# Testing out the ID algoritihm of Bhaskara et al.
Stephen Becker, March 6 2023

"Residual Based Sampling for Online Low Rank Approximation", by Aditya Bhaskara, Silvio Lattanzi, Sergei Vassilvitskii and Morteza Zadimoghaddam. FOCS, 2019

In [1]:
import numpy as np
import matplotlib.pyplot as plt
import time
import h5py
from numpy.random import default_rng
import scipy.linalg as sli
import scipy.io as sio

%reload_ext autoreload
%autoreload 2
import rID

We'll make a Python "class" for stored columns for the ID.  You can add columns to the class (and their index), and the class will maintain a QR decomposition of the columns

This particular class has three "lengths" associated with it:
1. `k_max` is the maximum number of columns
2. `k_current` is the current number of columns that have been added to it
3. `k_previous` <= `k_current` is the number of columns in the "previous" set (using Bhaskara et al.'s notation). By default, projection is done with respect to the "previous" set
    - Calling the method `.mergePreviousWithCurrent()` will include *all* the columns into the "previous" set

In [198]:
class stored_columns:
    def __init__(self, k = np.Inf):
        self.indices = []   # indices of the columns; of size k_current
        self.k_max   = k    # upper limit on # of columns
        self.k_current  = 0
        self.k_previous = 0 # <= k_current
        self.columns = []   # the columns
        self.Q = []         # orthonormal version of the columns
    def mergePreviousWithCurrent(self):
        self.k_previous = self.k_current

    def addColumn(self, newCol, newInd):
        """ adds a column (and its index) to the set"""
        if self.k_current >= self.k_max:
            # do nothing. Should we give a warning??
            return
        elif self.k_current == 0:
            # No need to orthogonalize it since nothing yet in the set. Just normalize it
            self.columns = np.reshape(newCol, (-1,1) ) # ensure it is column vector of size (n,1), not size (n,)
            self.Q = np.reshape( newCol / sli.norm(newCol), (-1,1) )
        else:
            # Update QR: orthogonalize x <- x - QQ'x, and then normalize
            q            = newCol - self.project(newCol, full=True)
            self.Q       = np.column_stack( (self.Q, q/sli.norm(q)) )
            self.columns = np.column_stack( (self.columns, newCol ) )
        self.indices.append( newInd )
        self.k_current += 1
    
    # Todo: allow adding multiple columns at once: do X - project, then do QR 
    # Todo: allow a re-orthogonalization routine to account for loss in precision
    
    def project(self, X, justQtX = False, full=False):
        """ Projects X into the range of chosen columns 
        Implicitly restricts to just "k_previous"
        This does Q*Q'*X, but if justQtX is True, then does Q'*X (saves some time if you just need the Euclidean norm)
        """
        if full == False:
            k = self.k_previous
        else:
            k = self.k_current
        if k==0:
            if justQtX:
                return np.zeros( size=(1,X.shape[1]) ) # not sure what a good shape is here...
            else:
                return 0*X
        QtX = self.Q[:,:k].T @ X
        if justQtX:
            return QtX  # for efficient norm computations
        # if QtX.ndim == 0:
        #     return QtX*self.Q[:,:k] # issues with scalar
        # else:
        return self.Q[:,:k]@( QtX )


#### Load dataset, make error metric

In [118]:
A    = rID.load_JHTDB_data(which_component="x",nsample=64,data_name="channel")
nrmX = sli.norm(A) # Frobenius norm
relError = lambda S : np.sqrt( 1 - ( sli.norm( S.project(A,justQtX=True) )/nrmX )**2 )
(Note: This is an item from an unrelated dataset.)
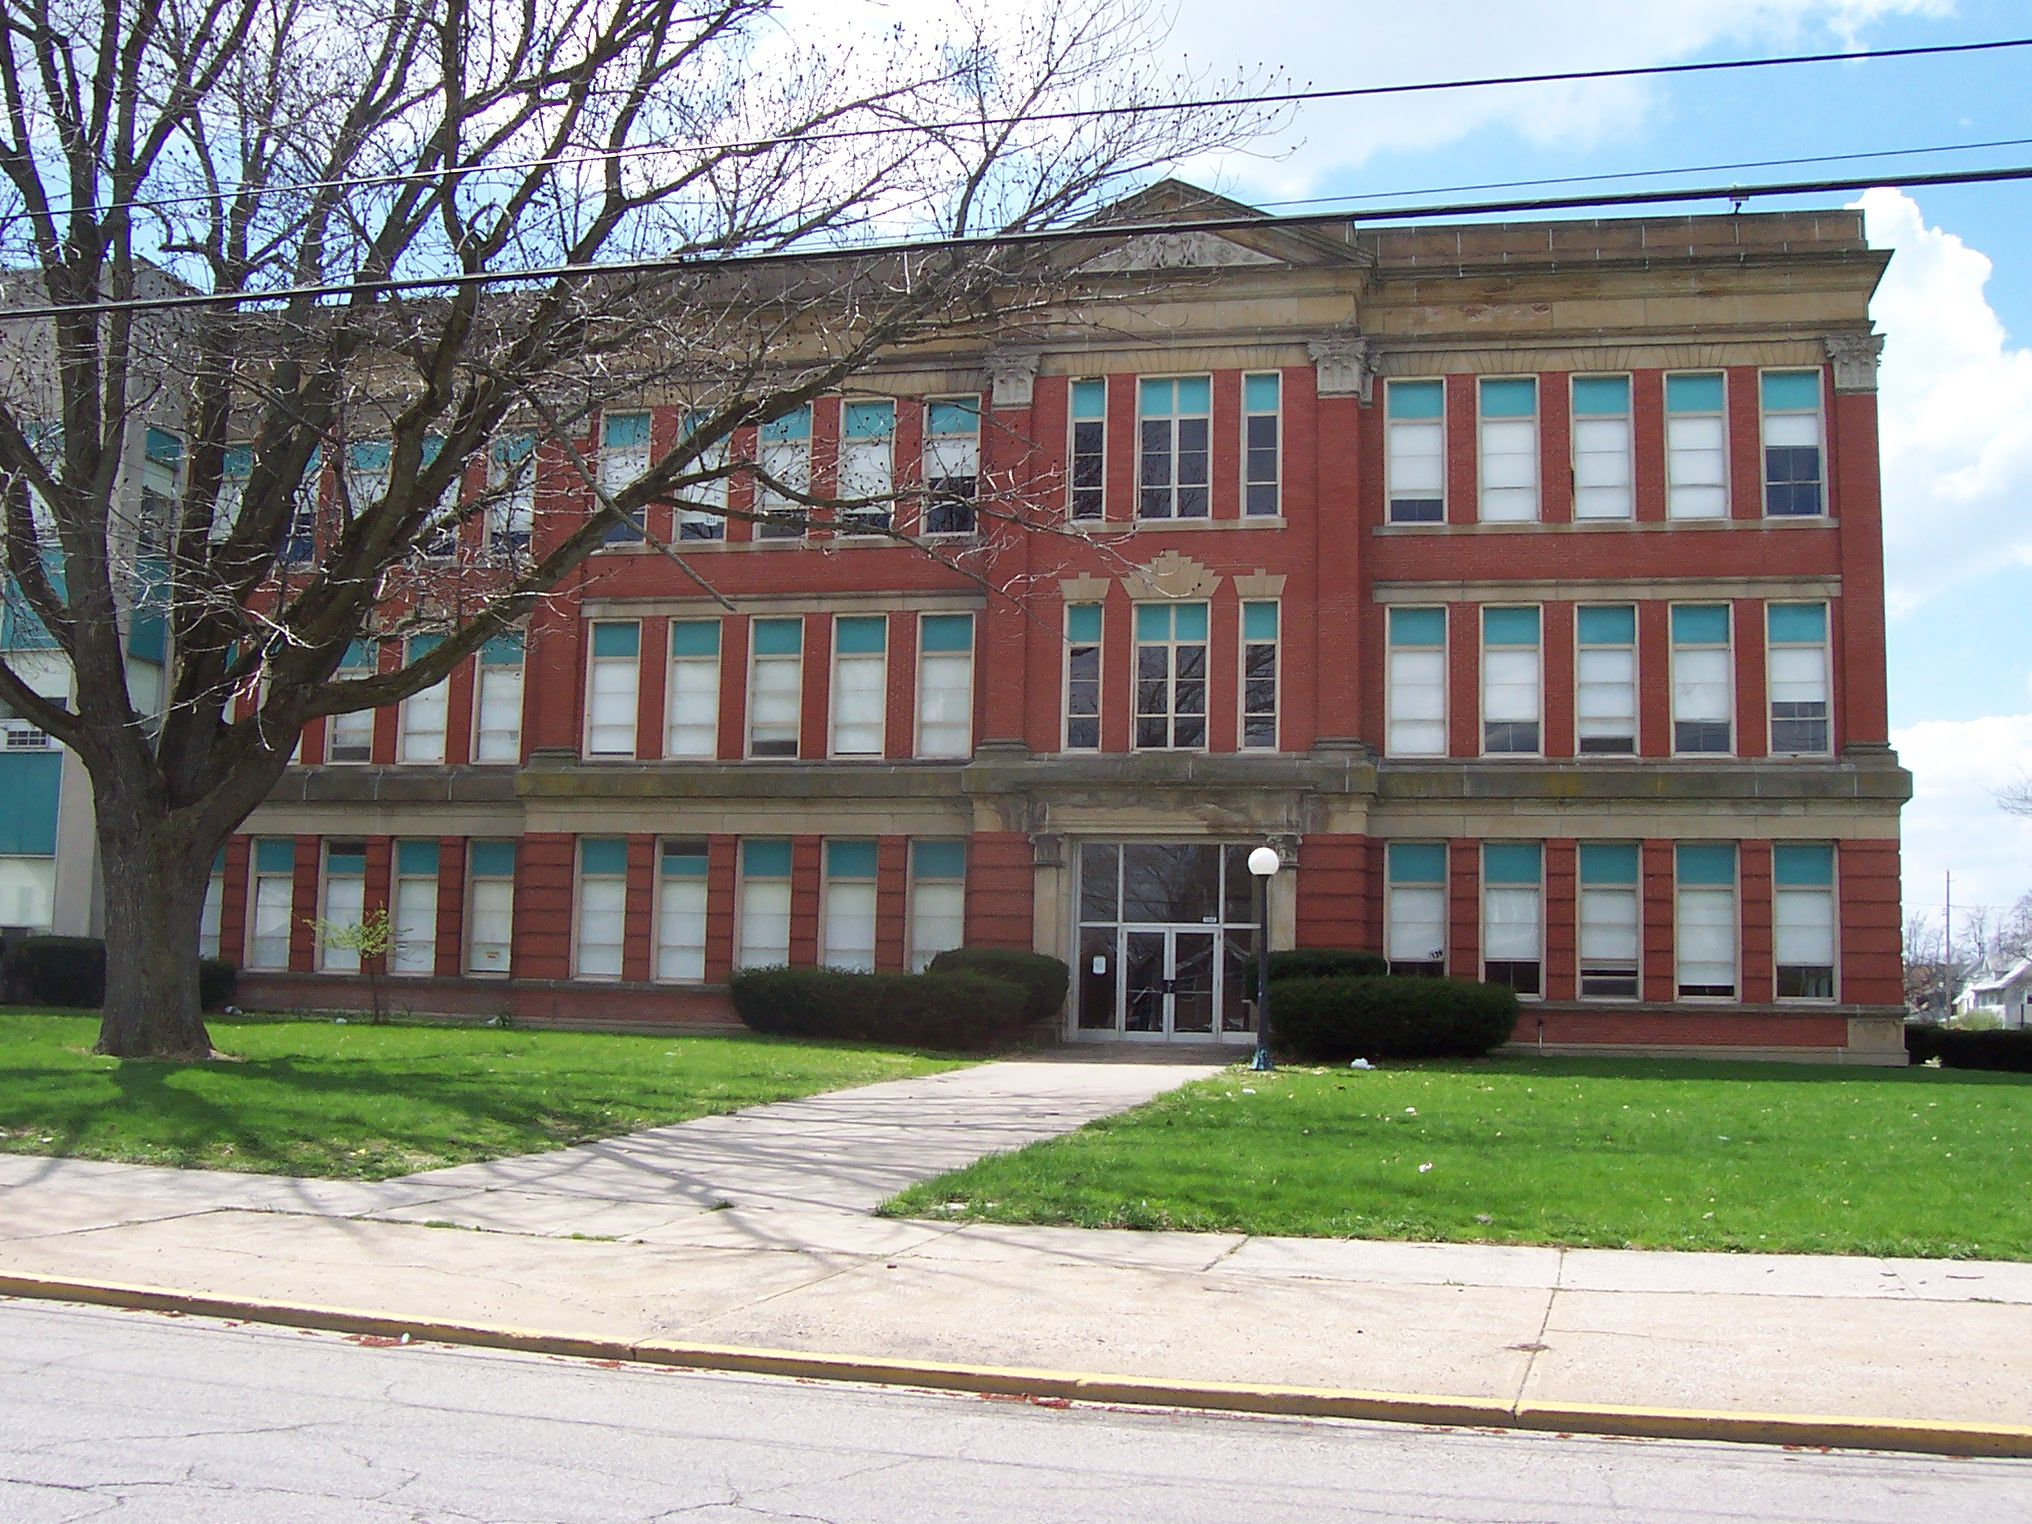 Lorain High School Lorain Ohio Lorain Amherst Ohio

# Another equivalent (slower) way to compute error:
# C, residues, rnk, singA = sli.lstsq( S.columns, A)
# print( np.sqrt(np.sum(residues))/nrmX ) # same as sli.norm( S.columns@C - A )/nrmX

#### Algorithm #3 from the Bhaskara et al. paper

In [203]:
def rID_BhaskaraAlgo3(A, k=10, xi=0.05, rng=default_rng(), SA = None):
    """
    Description: Randomized ID using residual based CSS, solve least square problem to get coefficient of the new columns
    Follows Algorithm 3 of Bhaskara et al. "Residual Based Sampling for Online Low Rank Approximation" (FOCS, 2019)

    A is a m x n matrix, where we "stream" over the columns
    k is the number of columns to save
    xi is an target value of the Frobenius norm error (*absolute* error, not relative)

    Optional: SA is a l x n matrix, a sketched version of A, which we do assume we can store in memory
      (For now, we don't use that... later, when we start making *coefficients*, we will use that)

    March 2023
    """
    m, n = np.shape(A)
    sigma = 0.
    S     = stored_columns(k)

    for column_index in range(n):
        u = A[:,column_index]

        u_perp  = u - S.project(u)
        pu = (k/160./xi) * sli.norm(u_perp)**2
            
        prob_sample = np.minimum(pu, 1)
        roll = rng.random()
        if roll <= prob_sample: 
            S.addColumn( u, column_index )
        if pu < 1:
            sigma += pu
        if pu >= 1 or sigma >= 1:
            sigma = 0
            S.mergePreviousWithCurrent()
    S.mergePreviousWithCurrent()
    return S

#### Run their algorithm:

In [201]:
m,n = A.shape
print(m,n)
k = 10
S = rID_BhaskaraAlgo3(A, k=k, xi=10)
# S.columns
print( S.indices )

# Find optimal error (would require a second pass through data)
print(f"Relative Frobenius norm error is {100*relError(S):.2f}%" )
# S.Q

4096 1000
[0, 58, 123, 182, 276, 292, 322, 341, 405, 468]
Relative Frobenius norm error is 1.71%


#### Sanity check: choose columns at random
Is this better, worse, or about the same as the fancy algorithm?

Conclusion: about the same, or even slightly better

(re-run this several times, since the results are random)

In [202]:
rng=default_rng()
randInd = rng.choice( n, k)
S_rand     = stored_columns(k)
for i in randInd:
    S_rand.addColumn( A[:,i], i )
S_rand.mergePreviousWithCurrent()

# S.columns
print( S_rand.indices )

# Find optimal error (would require a second pass through data)
print(f"Relative Frobenius norm error is {100*relError(S_rand):.2f}%" )
# S.Q

[977, 259, 844, 358, 263, 62, 53, 319, 430, 334]
Relative Frobenius norm error is 1.76%